Monday, October 16, 2006

Upcoming Holidays


September 13, 2006

Relating to the entry below, Awilliam today told me about the Sandinistas efforts to reduce illiteracy and poverty in the rural areas – by requiring high school and college students to spend five months in the most remote areas, teaching reading and another three months picking coffee or cotton.

Awilliam lived in a remote mountain village. He spent a short time picking cotton in the west of the country, but when the heat overcame him, he asked to transfer back to the mountains to cut coffee.

He didn’t seem to have very positive recollections of his service.

He recalled working together with several hundred other students in a coffee hacienda that had been confiscated from a well-to-do landowner.

“Every morning we were woken up at 4 a.m. to wash in the river. It was so cold! And the food was always the same – beans and tortillas for breakfast, beans, tortillas and egg for lunch. There were a lot of people who had stomach problems from so many beans. In the morning, we had to gather and sing the national anthem and the Sandinistan anthem.”

He began to sing it with a smile of derision. “We’ll fight against the Yankees and the enemies of humanity…”

“We wore military clothes and carried guns for protection. Sometimes we came across snakes or red-eyed frogs and the women’s screams echoes across the mountains.”

Looking at Awilliam’s gentle, intellectual face, the father of two daughters, it’s very hard to imagine him as a military and propagandistic tool of a political regime. But the faraway news that formed the distant reality of my junior high civics class was his life.

I asked why rural teachers couldn’t teach the illiterate in their communities to read.

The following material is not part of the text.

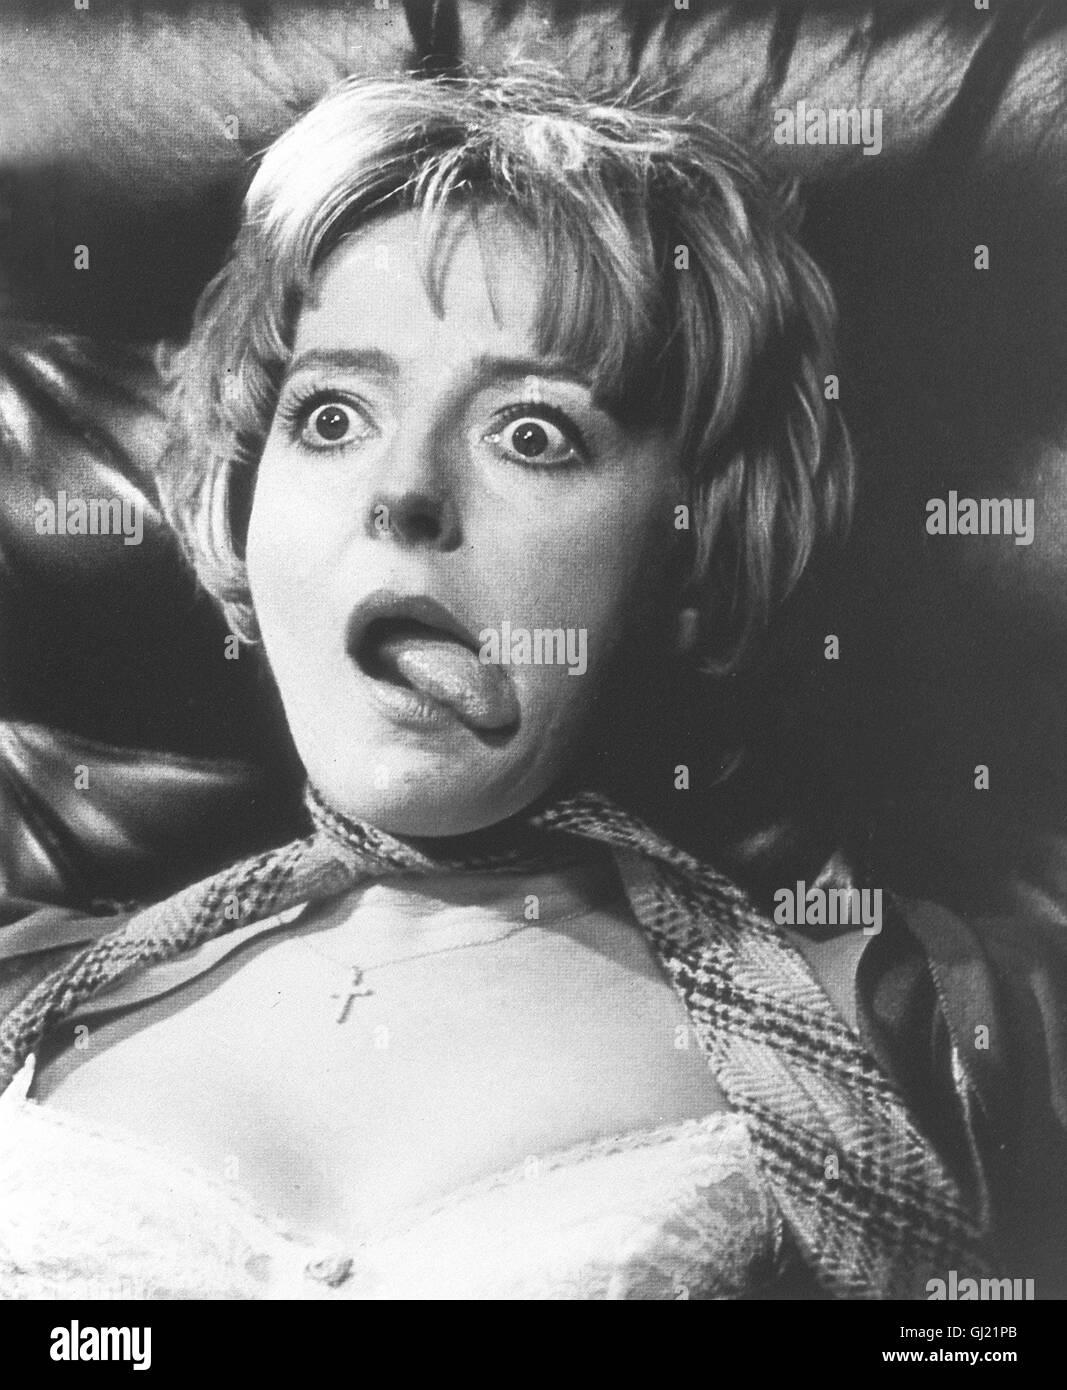 Catherine Oxenberg born September 22, 1961 (age 57),Fanny Mallette Porno clip Nikki Dial,Eva Tamargo

“They could have,” he said. “But in addition to teaching people to read, the government wanted to make a show. They wanted to say, see, we are sending you people and making you a priority.”

The next two days are national holidays. Tomorrow is the anniversary of the 1856 battle of San Jacinto, the final battle of the 1856-57 National War. This was the battle in which many Nicaraguans, aided by Guatemalans and Costa Ricans, drove out William Walker, a nutty American who, as only one small event in the long history of US intervention in Nicaragua, had himself installed President, made English the national language and legalized slavery. This battle finally drove him out.

The 15th is Independence Day, when Nicaragua, and other Central American countries, received their Independence from Spain in 1821.